Figure 2Searches for different types of patterns. Searching for sequence patterns based on (a) base composition, (b) exact matches, and (c) degenerate base patterns. (d) A simplified example of the bit masking approach for 3-base patterns and 12-base windows. Calculate the integer X1 for the string S1 as the sum of 2bit-pos, where bit-pos refers to bit positions (0 to 23) for each bit set to 1. Each bitvector is followed by its corresponding decimal value (in parentheses). Similarly, calculate integer values for the overlapping string S2 and for the upper (U1 and U2) and lower (L1 and L2) bounds for two search patterns (TAT and ATC). The bit patterns for windows S1 and S2 are shown using the notation for bases in Figure 1a. The bit patterns for the search patterns, TAT and ATC, are indicated by an underline, and the remaining positions are masked with a value of either 0 or 1 for the lower and upper integer limits (as shown for S1), respectively. X1 is between L1 and U1, but not between L2 and U2. Similarly, X2 is between L2 and U2, but not between L1 and U1. This example demonstrates that S1 begins with TAT but not ATC, and S2 begins with ATC but not TAT.
Figure 3Identifying regions of interest through cDNA/EST matches. The region of interest located between 100 nucleotides upstream of the 3' end of the first EST set through the 3' end of the second EST set was indexed.
Candidates with desired binding sites adjacent to alternative polyadenylation sites. Identification of cDNAs with potential alternative 3' ends and various patterns – base composition, degenerate, and combinatorial patterns – located between 100 nucleotides upstream of the 3' end of the first EST set through the 3' end of the second EST set. # and ** cDNAs were used as examples for the alignment shown in Figure 4.
| Number of cDNAs with potential alternative 3' ends and search patterns | ||
| Search pattern | Number of Patterns | Number of cDNAs |
| A. Base composition | ||
| CstF64; U> = 4, G< = 4, A+C = 0 ;length = 8 | 163 | 276 |
| SXL; U> = 15, G< = 2, A+C = 0 ;length = 17 | 154 | 5 |
| SXL1; U> = 8, G+A+C = 0 ;length = 8 | 1 | 27 |
| SXL2; U> = 10, G< = 2, A+C = 0 ;length = 12 | 79 | 25 |
| B. Degenerate motifs | ||
| hnRNP F/H/H' (core); GGGA | 1 | 232 |
| hnRNP F/H/H'; GGGGA | 1 | 78 |
| Rbp1; DCADCUUA | 9 | 47 |
| PSI; RCYYCUURYRC | 12 | 8 |
| Rbp9; UUUNUUUU | 4 | 111 |
| C. Combinatorial motifs | ||
| CstF64 + SXL | 25,102 | 5# |
| CstF64 + hnRNP F/H/H' (core) | 163 | 178* |
| CstF64 + hnRNP F/H/H' | 163 | 59** |
| SXL + hnRNP F/H/H' (core) | 154 | 4*** |
| PSI + hnRNP F/H/H' (core) | 12 | 8*** |
# Since both SXL and CstF64 sites are GU rich, these motifs are not expected to be statistically independent. However, all three Monte Carlo analyses showed that the association was significant (P < 0.001) even when accounting for composition, indicating that SXL sites are more likely to also be CstF64 sites than chance predicts.

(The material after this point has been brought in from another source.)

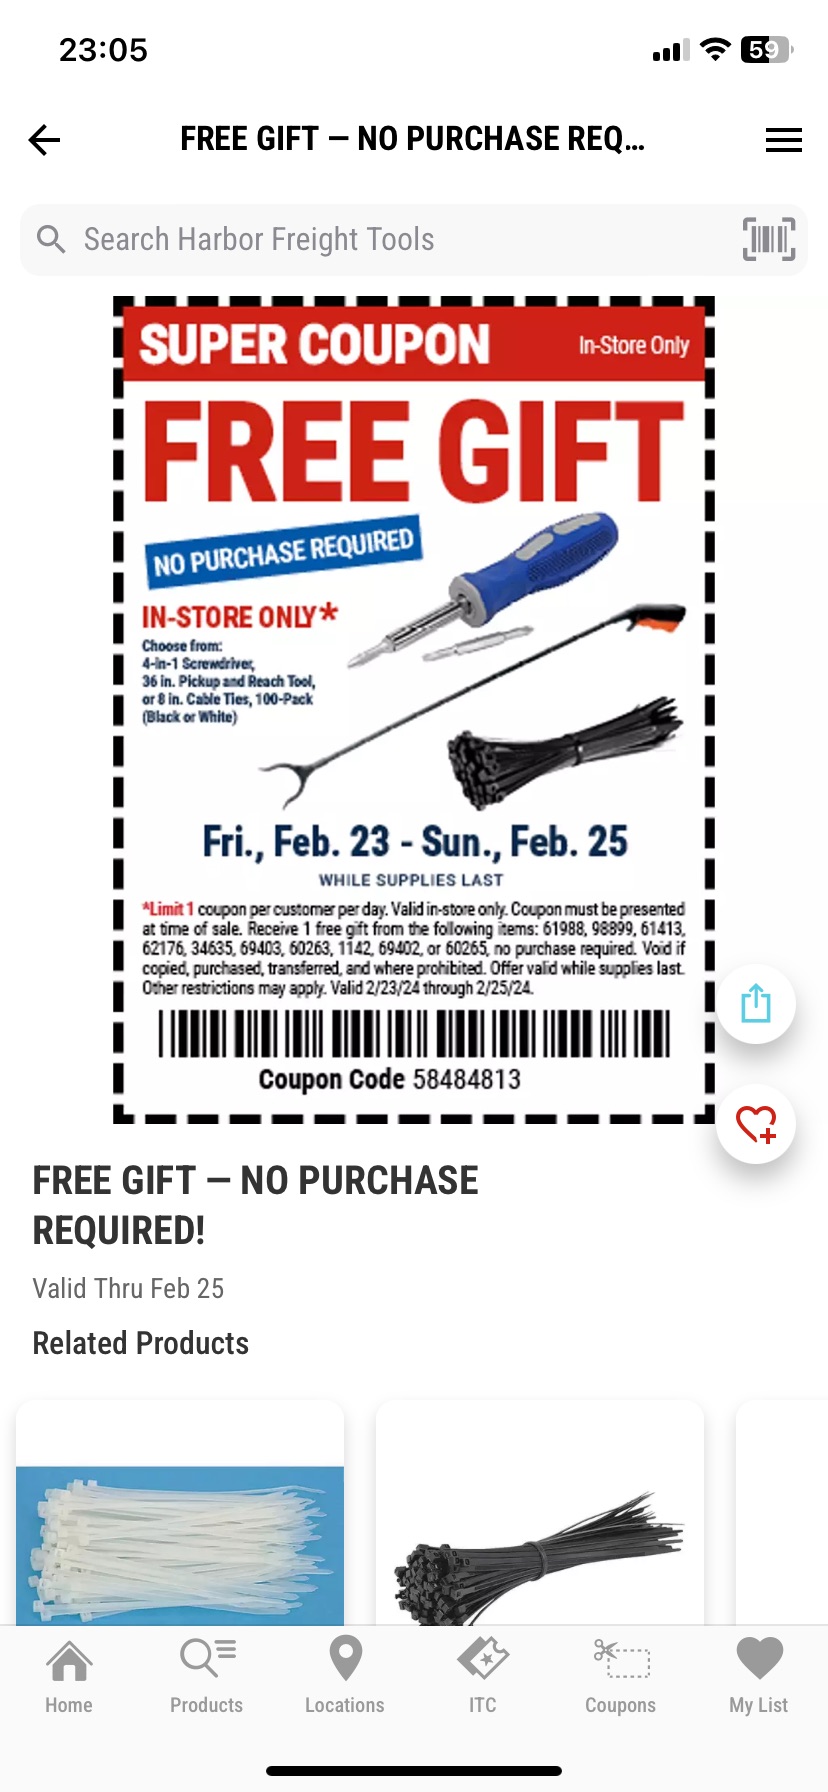 Promotions – Harbor Freight Tools

* and ** Associations are statistically significant by the G test:
(* G = 69.8, P = 3.3 × 10-17, df = 1; and **G = 11.6, P = 0.00033, df = 1). However, these associations were not significant in the Monte Carlo.
*** Associations not individually significant by the G test, but significant (<0.01) in all three Monte Carlo tests.
Associations of various other combinations of SXL, Rbp1, PSI, and Rbp9 motifs in cDNAs are not statistically significant.
Figure 4A schematic of potential candidates for alternative polyadenylation. Arrowheads show 3' ends, asterisks show the consensus polyadenylation signal, and potential SXL, hnRNP H/H'/F, and CstF64 sites are indicated.